Extract from the entries below, exactly as given, only the lines from the line containing "Covered Butter Dish - 1 Lb" to the line containing "Necklace Size Chart For Women", both lines included.

**DATA TO EXAMINE**

* * * * *

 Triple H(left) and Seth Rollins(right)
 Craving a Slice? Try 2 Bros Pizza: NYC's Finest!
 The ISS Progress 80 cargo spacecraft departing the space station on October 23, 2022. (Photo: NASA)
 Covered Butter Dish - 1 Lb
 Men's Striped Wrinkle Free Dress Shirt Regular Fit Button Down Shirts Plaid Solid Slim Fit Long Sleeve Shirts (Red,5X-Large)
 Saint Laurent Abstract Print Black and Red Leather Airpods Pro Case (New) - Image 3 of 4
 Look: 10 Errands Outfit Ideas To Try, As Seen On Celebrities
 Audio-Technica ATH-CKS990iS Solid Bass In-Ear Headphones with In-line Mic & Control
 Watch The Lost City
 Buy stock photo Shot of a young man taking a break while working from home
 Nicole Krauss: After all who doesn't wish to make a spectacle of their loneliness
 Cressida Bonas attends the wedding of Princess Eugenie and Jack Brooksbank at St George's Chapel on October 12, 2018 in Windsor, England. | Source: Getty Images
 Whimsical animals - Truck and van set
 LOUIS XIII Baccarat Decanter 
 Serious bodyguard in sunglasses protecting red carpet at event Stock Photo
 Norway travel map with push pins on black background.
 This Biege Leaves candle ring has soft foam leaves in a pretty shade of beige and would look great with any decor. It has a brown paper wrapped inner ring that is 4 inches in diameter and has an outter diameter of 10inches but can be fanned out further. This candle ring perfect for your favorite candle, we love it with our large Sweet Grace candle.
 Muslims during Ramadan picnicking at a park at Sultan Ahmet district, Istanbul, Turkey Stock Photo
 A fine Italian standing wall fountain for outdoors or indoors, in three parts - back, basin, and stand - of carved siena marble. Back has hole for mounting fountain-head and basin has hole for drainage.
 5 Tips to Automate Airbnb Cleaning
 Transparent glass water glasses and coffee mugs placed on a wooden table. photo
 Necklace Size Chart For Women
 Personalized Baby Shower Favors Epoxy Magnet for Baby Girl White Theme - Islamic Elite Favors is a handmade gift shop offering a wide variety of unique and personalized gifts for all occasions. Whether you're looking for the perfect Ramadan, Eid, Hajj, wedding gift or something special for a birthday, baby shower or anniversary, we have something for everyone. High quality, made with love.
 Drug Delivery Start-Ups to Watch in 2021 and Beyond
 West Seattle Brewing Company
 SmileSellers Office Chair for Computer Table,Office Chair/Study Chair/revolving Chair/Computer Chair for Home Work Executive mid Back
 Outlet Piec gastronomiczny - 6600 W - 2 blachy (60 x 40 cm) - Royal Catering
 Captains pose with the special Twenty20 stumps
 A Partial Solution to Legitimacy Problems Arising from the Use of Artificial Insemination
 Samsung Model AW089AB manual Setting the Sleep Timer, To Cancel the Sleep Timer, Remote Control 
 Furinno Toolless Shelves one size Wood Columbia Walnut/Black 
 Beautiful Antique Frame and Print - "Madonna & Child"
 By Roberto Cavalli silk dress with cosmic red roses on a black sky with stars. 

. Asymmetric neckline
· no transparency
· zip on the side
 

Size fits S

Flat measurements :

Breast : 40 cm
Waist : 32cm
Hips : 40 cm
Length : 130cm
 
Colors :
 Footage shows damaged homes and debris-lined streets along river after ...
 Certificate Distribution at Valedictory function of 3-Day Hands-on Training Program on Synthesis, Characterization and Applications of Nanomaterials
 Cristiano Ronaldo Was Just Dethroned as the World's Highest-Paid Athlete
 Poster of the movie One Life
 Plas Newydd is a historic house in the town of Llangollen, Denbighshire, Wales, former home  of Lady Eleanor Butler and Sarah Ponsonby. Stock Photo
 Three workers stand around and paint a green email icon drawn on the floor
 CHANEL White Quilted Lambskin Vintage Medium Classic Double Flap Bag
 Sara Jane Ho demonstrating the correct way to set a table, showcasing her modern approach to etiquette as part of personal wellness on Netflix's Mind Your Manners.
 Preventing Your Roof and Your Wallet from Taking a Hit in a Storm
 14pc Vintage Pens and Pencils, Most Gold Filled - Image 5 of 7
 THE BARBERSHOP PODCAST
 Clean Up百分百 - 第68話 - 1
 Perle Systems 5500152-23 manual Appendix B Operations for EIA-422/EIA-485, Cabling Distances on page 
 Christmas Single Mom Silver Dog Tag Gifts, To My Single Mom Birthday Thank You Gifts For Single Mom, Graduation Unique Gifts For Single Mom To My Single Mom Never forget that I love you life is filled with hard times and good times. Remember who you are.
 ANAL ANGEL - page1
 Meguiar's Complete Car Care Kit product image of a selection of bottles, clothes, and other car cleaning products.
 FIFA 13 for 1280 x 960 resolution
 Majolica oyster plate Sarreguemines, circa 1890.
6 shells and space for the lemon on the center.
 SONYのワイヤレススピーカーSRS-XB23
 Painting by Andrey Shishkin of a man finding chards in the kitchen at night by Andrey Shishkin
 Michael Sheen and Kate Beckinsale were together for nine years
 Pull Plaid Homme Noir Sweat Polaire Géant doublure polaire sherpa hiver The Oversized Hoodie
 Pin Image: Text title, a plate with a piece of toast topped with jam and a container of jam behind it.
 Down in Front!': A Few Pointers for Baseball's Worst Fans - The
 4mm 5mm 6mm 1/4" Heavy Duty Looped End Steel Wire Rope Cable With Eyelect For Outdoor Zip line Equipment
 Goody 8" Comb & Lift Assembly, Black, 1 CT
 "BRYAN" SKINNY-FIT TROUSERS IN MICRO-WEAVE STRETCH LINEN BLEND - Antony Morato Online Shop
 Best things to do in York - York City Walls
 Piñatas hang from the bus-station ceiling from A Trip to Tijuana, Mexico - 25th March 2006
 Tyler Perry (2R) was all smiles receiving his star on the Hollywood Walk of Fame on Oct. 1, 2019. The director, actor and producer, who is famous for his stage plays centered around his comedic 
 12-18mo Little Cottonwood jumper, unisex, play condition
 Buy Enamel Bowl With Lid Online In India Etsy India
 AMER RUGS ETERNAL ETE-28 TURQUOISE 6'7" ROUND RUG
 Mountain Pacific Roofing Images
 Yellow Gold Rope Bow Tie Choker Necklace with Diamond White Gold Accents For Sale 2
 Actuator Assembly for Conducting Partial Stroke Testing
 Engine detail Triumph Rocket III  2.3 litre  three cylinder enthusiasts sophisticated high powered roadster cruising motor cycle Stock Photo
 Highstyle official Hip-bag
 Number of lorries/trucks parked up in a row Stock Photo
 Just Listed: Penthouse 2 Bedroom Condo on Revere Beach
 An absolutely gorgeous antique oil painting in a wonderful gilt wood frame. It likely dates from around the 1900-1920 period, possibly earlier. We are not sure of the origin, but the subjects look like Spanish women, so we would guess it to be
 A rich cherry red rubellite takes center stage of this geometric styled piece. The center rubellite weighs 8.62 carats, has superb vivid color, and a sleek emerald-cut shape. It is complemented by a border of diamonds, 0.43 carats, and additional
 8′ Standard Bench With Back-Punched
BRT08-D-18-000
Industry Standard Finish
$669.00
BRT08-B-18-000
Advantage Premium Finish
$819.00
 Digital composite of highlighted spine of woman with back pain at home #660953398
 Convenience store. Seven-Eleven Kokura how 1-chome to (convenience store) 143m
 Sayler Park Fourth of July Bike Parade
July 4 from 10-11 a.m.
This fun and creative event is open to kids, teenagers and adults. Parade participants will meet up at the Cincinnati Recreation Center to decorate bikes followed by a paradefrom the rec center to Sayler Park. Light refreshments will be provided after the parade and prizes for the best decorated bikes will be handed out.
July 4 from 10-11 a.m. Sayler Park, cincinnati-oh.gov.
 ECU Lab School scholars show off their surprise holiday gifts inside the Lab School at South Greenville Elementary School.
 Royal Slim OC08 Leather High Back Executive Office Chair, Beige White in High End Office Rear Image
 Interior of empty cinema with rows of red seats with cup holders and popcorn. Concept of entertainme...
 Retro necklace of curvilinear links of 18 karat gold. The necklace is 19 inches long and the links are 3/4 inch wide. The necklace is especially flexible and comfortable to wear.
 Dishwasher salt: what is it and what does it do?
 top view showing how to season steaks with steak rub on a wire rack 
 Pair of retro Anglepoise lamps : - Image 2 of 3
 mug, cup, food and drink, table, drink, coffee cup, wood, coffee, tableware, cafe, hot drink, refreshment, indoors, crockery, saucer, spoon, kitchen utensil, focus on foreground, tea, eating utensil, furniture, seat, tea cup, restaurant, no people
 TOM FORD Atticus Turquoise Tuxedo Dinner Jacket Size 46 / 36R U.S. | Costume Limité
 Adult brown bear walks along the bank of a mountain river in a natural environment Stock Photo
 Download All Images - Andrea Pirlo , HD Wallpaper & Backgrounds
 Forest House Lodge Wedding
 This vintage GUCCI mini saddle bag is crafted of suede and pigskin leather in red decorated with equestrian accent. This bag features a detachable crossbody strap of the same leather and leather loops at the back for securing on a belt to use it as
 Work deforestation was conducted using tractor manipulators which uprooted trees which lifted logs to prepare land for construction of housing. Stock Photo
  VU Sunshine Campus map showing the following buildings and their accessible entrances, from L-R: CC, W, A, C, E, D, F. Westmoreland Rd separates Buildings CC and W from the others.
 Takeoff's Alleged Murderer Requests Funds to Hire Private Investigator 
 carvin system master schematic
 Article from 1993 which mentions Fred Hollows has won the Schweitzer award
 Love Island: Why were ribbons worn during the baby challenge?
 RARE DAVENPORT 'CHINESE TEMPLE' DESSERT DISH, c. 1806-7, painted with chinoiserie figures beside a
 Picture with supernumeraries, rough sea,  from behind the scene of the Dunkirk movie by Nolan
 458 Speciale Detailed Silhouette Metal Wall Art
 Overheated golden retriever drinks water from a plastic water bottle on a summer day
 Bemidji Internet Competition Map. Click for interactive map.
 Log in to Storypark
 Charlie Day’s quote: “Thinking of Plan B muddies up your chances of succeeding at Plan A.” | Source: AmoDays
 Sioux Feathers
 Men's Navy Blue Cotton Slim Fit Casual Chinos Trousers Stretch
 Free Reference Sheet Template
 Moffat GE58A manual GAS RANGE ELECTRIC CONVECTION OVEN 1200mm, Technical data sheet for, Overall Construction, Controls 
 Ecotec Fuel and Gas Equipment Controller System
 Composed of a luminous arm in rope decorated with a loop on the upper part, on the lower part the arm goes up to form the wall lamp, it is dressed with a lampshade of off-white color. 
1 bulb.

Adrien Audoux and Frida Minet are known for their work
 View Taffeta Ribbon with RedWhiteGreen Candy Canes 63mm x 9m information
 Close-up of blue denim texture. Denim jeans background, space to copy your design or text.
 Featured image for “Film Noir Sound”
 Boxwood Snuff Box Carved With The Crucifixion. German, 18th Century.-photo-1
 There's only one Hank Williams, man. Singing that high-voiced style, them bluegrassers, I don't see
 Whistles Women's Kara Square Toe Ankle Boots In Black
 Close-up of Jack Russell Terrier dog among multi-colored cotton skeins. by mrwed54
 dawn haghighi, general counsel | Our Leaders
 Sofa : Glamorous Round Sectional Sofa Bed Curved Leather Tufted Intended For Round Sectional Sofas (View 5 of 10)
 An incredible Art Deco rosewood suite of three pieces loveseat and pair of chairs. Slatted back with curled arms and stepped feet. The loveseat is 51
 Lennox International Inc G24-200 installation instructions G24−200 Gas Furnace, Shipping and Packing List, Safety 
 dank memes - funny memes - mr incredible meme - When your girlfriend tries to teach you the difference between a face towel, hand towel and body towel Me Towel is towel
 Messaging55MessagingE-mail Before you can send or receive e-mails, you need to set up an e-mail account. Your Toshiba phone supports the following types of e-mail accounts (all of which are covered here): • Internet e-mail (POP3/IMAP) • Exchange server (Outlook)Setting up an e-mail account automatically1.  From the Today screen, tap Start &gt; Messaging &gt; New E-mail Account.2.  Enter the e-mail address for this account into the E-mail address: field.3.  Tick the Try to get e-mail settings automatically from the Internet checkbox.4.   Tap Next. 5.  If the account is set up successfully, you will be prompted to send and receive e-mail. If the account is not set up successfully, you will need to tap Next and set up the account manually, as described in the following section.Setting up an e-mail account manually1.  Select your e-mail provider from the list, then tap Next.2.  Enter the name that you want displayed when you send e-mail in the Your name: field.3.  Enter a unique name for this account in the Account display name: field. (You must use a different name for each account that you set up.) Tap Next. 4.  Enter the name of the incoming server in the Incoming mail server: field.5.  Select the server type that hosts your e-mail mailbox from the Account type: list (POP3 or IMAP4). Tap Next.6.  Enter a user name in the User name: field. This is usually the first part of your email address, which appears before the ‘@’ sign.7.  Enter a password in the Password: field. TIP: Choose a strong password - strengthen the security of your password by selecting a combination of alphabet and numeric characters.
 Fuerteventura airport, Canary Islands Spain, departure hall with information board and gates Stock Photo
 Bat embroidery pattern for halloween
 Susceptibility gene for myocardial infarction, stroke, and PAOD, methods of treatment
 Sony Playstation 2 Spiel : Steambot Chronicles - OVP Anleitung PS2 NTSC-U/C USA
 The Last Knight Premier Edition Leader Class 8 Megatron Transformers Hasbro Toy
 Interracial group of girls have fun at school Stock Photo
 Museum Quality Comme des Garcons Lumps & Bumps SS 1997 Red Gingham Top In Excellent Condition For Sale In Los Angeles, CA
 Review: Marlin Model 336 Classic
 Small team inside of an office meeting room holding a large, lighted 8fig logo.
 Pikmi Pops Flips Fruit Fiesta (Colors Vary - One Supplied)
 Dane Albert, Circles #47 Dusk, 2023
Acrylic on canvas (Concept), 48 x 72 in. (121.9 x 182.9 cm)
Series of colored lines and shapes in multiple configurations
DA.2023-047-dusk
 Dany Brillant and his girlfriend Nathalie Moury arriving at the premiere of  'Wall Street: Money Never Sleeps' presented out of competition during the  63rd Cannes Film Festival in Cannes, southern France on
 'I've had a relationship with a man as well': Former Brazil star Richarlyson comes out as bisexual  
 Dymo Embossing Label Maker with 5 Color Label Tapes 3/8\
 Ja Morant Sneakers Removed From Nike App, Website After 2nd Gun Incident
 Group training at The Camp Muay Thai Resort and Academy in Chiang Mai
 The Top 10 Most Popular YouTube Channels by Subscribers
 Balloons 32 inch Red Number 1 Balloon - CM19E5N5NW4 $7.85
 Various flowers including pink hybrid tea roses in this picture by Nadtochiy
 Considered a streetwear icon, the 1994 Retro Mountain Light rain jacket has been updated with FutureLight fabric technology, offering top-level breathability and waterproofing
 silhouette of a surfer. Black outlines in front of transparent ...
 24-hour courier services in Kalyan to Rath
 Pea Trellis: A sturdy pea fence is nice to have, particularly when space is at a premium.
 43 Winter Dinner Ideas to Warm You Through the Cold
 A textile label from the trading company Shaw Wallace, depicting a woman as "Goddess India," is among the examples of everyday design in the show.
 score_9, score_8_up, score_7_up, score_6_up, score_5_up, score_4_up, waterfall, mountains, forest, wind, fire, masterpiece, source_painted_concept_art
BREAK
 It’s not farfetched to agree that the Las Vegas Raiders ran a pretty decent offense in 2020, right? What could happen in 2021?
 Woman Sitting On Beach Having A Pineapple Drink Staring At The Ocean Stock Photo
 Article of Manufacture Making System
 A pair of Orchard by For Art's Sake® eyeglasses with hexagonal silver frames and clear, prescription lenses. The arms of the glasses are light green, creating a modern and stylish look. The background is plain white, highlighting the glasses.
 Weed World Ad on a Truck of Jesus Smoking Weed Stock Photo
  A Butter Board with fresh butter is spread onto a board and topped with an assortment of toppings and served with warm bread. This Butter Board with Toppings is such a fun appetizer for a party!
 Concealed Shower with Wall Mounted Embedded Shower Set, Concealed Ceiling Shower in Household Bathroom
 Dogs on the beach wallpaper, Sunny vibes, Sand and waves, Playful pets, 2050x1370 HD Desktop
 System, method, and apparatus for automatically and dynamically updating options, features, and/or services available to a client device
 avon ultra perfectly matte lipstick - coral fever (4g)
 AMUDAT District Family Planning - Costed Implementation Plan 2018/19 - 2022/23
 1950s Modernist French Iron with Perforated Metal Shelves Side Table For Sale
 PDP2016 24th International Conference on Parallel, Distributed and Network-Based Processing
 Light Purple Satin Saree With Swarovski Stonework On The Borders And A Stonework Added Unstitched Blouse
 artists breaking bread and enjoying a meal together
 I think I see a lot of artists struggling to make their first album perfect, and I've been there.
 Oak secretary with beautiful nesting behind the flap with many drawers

* * * * *

**EXERCISE RESULT**
 Covered Butter Dish - 1 Lb
 Men's Striped Wrinkle Free Dress Shirt Regular Fit Button Down Shirts Plaid Solid Slim Fit Long Sleeve Shirts (Red,5X-Large)
 Saint Laurent Abstract Print Black and Red Leather Airpods Pro Case (New) - Image 3 of 4
 Look: 10 Errands Outfit Ideas To Try, As Seen On Celebrities
 Audio-Technica ATH-CKS990iS Solid Bass In-Ear Headphones with In-line Mic & Control
 Watch The Lost City
 Buy stock photo Shot of a young man taking a break while working from home
 Nicole Krauss: After all who doesn't wish to make a spectacle of their loneliness
 Cressida Bonas attends the wedding of Princess Eugenie and Jack Brooksbank at St George's Chapel on October 12, 2018 in Windsor, England. | Source: Getty Images
 Whimsical animals - Truck and van set
 LOUIS XIII Baccarat Decanter 
 Serious bodyguard in sunglasses protecting red carpet at event Stock Photo
 Norway travel map with push pins on black background.
 This Biege Leaves candle ring has soft foam leaves in a pretty shade of beige and would look great with any decor. It has a brown paper wrapped inner ring that is 4 inches in diameter and has an outter diameter of 10inches but can be fanned out further. This candle ring perfect for your favorite candle, we love it with our large Sweet Grace candle.
 Muslims during Ramadan picnicking at a park at Sultan Ahmet district, Istanbul, Turkey Stock Photo
 A fine Italian standing wall fountain for outdoors or indoors, in three parts - back, basin, and stand - of carved siena marble. Back has hole for mounting fountain-head and basin has hole for drainage.
 5 Tips to Automate Airbnb Cleaning
 Transparent glass water glasses and coffee mugs placed on a wooden table. photo
 Necklace Size Chart For Women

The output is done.